I've read the stories of the people that were flown back to their home country and received the best care possible. All the people in Africa that DID survive probably didn't get close to that level of care. I'm guessing they didn't get much more than what we can do as individuals here. It's not 100% fatal, so I will do everything I can.

Btw, for those of you that say your plan is to not get it In the first place (and don't seem to have a plan B), I'm guessing you have already quit your jobs, pulled the kids out of school, etc and pulled up the draw bridge. You must have considering how dangerous Ebola is and the fact more people are allowed in the country every day from west Africa.

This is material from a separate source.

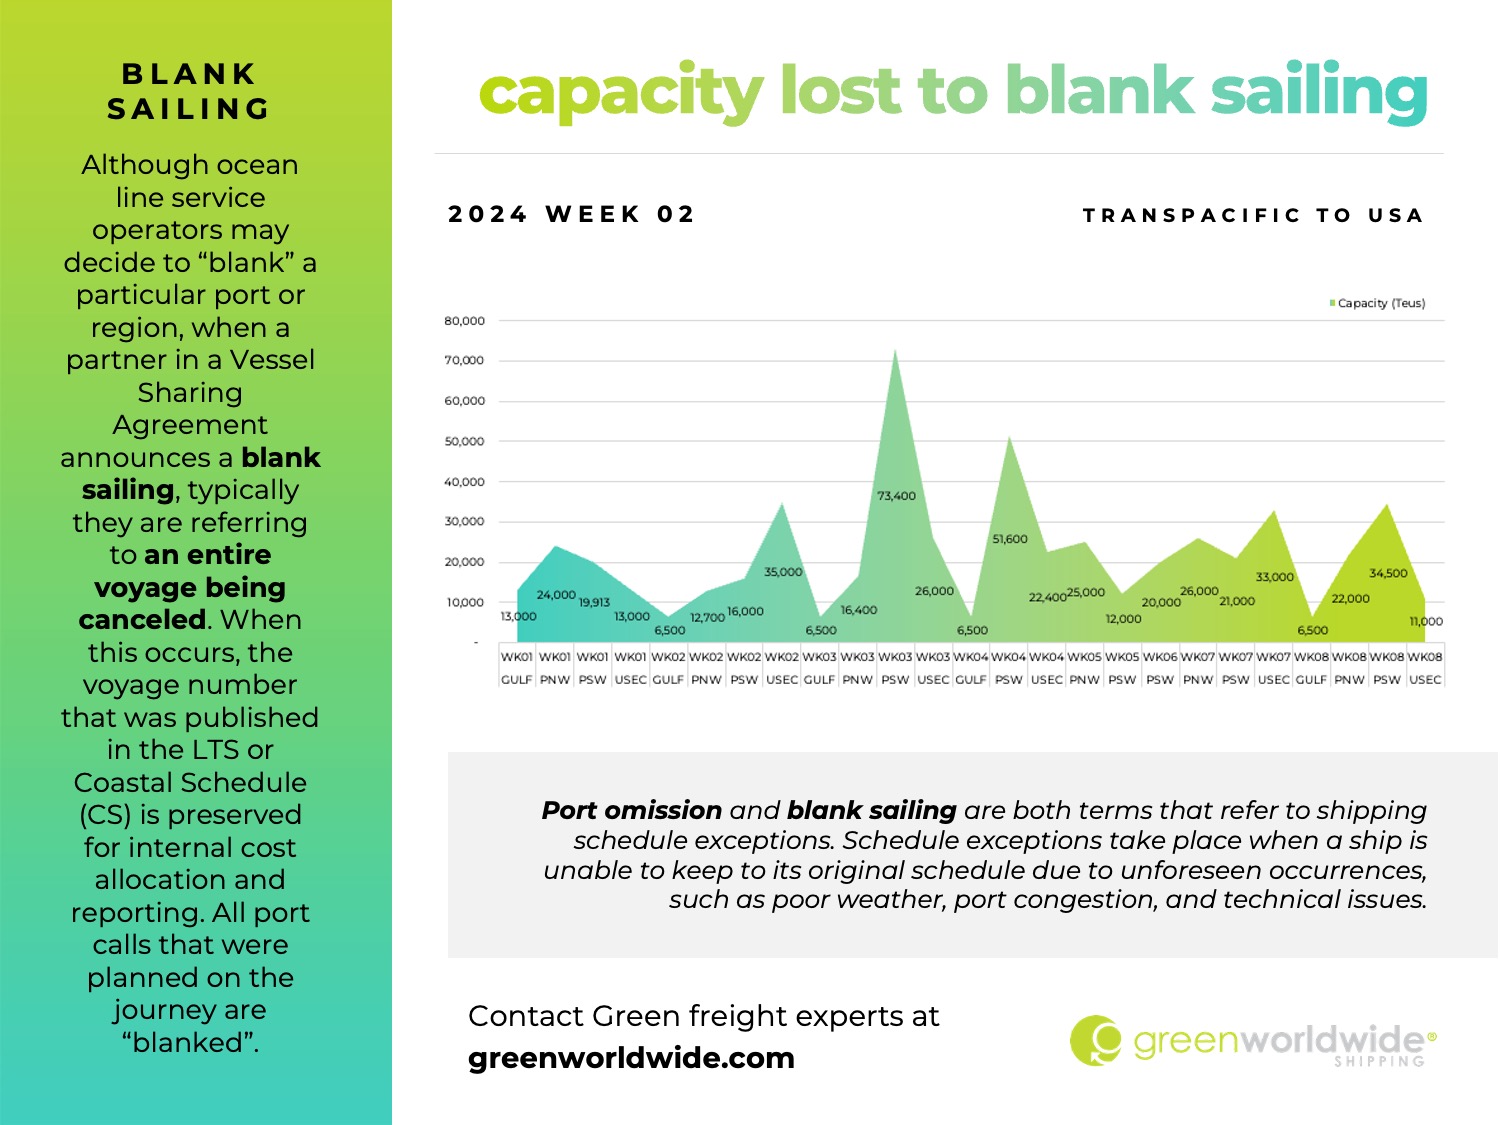 capacity lost to blank sailing 2024 WEEK 02 TRANSPACIFIC TO USA Port omission and blank sailing are both terms that refer to shipping schedule exceptions. Schedule exceptions take place when a ship is unable to keep to its original schedule due to unforeseen occurrences, such as poor weather, port congestion, and technical issues. BLANK SAILING Although ocean line service operators may decide to “blank” a particular port or region, when a partner in a Vessel Sharing Agreement announces a blank sailing, typically they are referring to an entire voyage being canceled. When this occurs, the voyage number that was published in the LTS or Coastal Schedule (CS) is preserved for internal cost allocation and reporting. All port calls that were planned on the journey are “blanked”. Contact Green freight experts atgreenworldwide.com

How can you be so sure when is the right time? That seems like a huge gamble. I'm guessing most people will wait til TS has truly HTF before making such a big decision. If you do it too soon, you would be out of a job.
 

jed turtle

a brother in the Lord
thanks ND! probably one of the most important and brutally honest threads you or anyone has ever posted.

the fact that we are less than 90 days to the mid-point of this current Tetrad of the Blood Moons (1-5-15) suggests to me that we are rapidly running out of time (and don't the devil know it...)

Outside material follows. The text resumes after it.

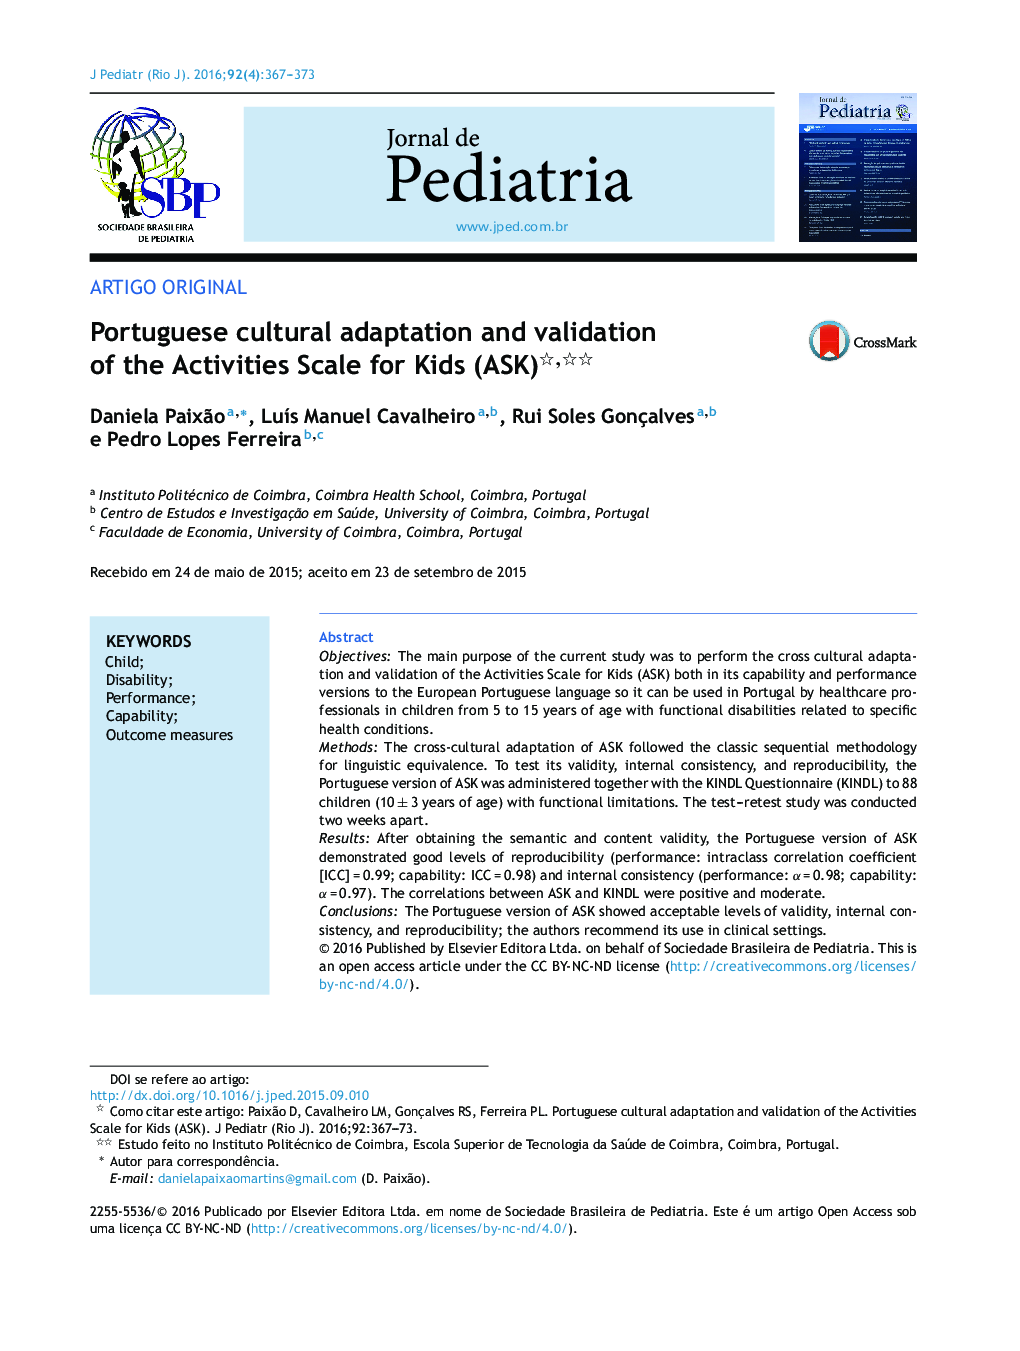 Portuguese cultural adaptation and validation of the Activities Scale for Kids (ASK)

also that this epidemic is on the verge of going global if they've given up in Sierra Leonne, if our illegal alien Resident Commander In Chief isn't immediately replaced by somebody who understands the inevitable consequences of being led by a traitor / idiot.

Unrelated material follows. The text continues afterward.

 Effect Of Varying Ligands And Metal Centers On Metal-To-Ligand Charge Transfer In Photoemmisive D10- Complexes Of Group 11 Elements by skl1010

if our People do not repent of their personal and national sins, it's all over but the crying and subsequent anguish/ pain.

the Day of Reckoning approaches and our souls (lives too) are on the Line.
 

kittyknits

Veteran Member
I haven't read the whole thread yet, but there is another thread on SELENIUM. How every virus particle needs a certain number of atoms of selenium to be neutralized (IIRC). Different viruses use different amounts, but I think ebola used a lot. I'm going to have to print some of these threads out, so I have the info at hand.

I intend to take a lot of selenium if this gets into my area. YMMV. I am not saying anyone else should do this; just read some of these threads--like the one on EGCG, also-- and make your own decisions.

I am trying to learn about whatever preventive measures might possibly exist.
 
Last edited:

cjoi

Veteran Member
The REASON Ebola causes the body and organs to "melt" and bleed out is EBOLA DESTROYS THE ENTIRE BODY VITAMIN C LEVEL (to ZERO) and the collagen the " glue" that holds the organs and tissues together and also C maintains blood vessel integrity is ABSOLUTELY DEPENDENT ON Vitamin C! Without it you get, bleed out, linings of tongue, throat, gut, etc to "come off" and "INSTANT end stage SCURVY which looks a lot like Ebola!

I believe that if an Ebola Victim is treated with ORAL"rehydration salts solution, HIGH vitamin C administered several times daily, high PPM Colloidal silver several times daily, (which kills the Ebola virus itself) and TURMERIC standardized to 95% Curcumin 400mg two to four times a day to PREVENT OR STOP A CYTOKINE STORM or "cascade" ( which is an auto-immune attack that Ebola triggers) and which, by itself can kill, if unchecked! . This TREATMENT SHOULD SAVE MANY MORE PEOPLE.

Certainly makes sense, Ainitfunny.
 

Plain Jane

Just Plain Jane
Thank You for this thoughtful post! I have already made suggestions about Vit. C and other preventatives, as well as some preps. for my loved ones. Did they listen? I don't know. BUT Can I do what the author suggests? I have yet to answer that myself. It hurts to even think about it.
 

kittyknits

Veteran Member
night driver,

Some of us live with people who refuse to fully understand the importance of "don't be there". When there are bodies dead in the streets of our town, he might get it. Until then, I have to make sure I have anything that might possibly help prevent or knock out in the early stages. I can't just sit here and be accepting of his attitude and resign myself to it.
 
Much to ponder in the OP - and disquieting to say the least.

Also must consider the ^^^ issue of abandoning all (most?) hope before trying - even after understanding that it might mean one's own demise.


Just seems so hope-less, perhaps that's why E. is so feared?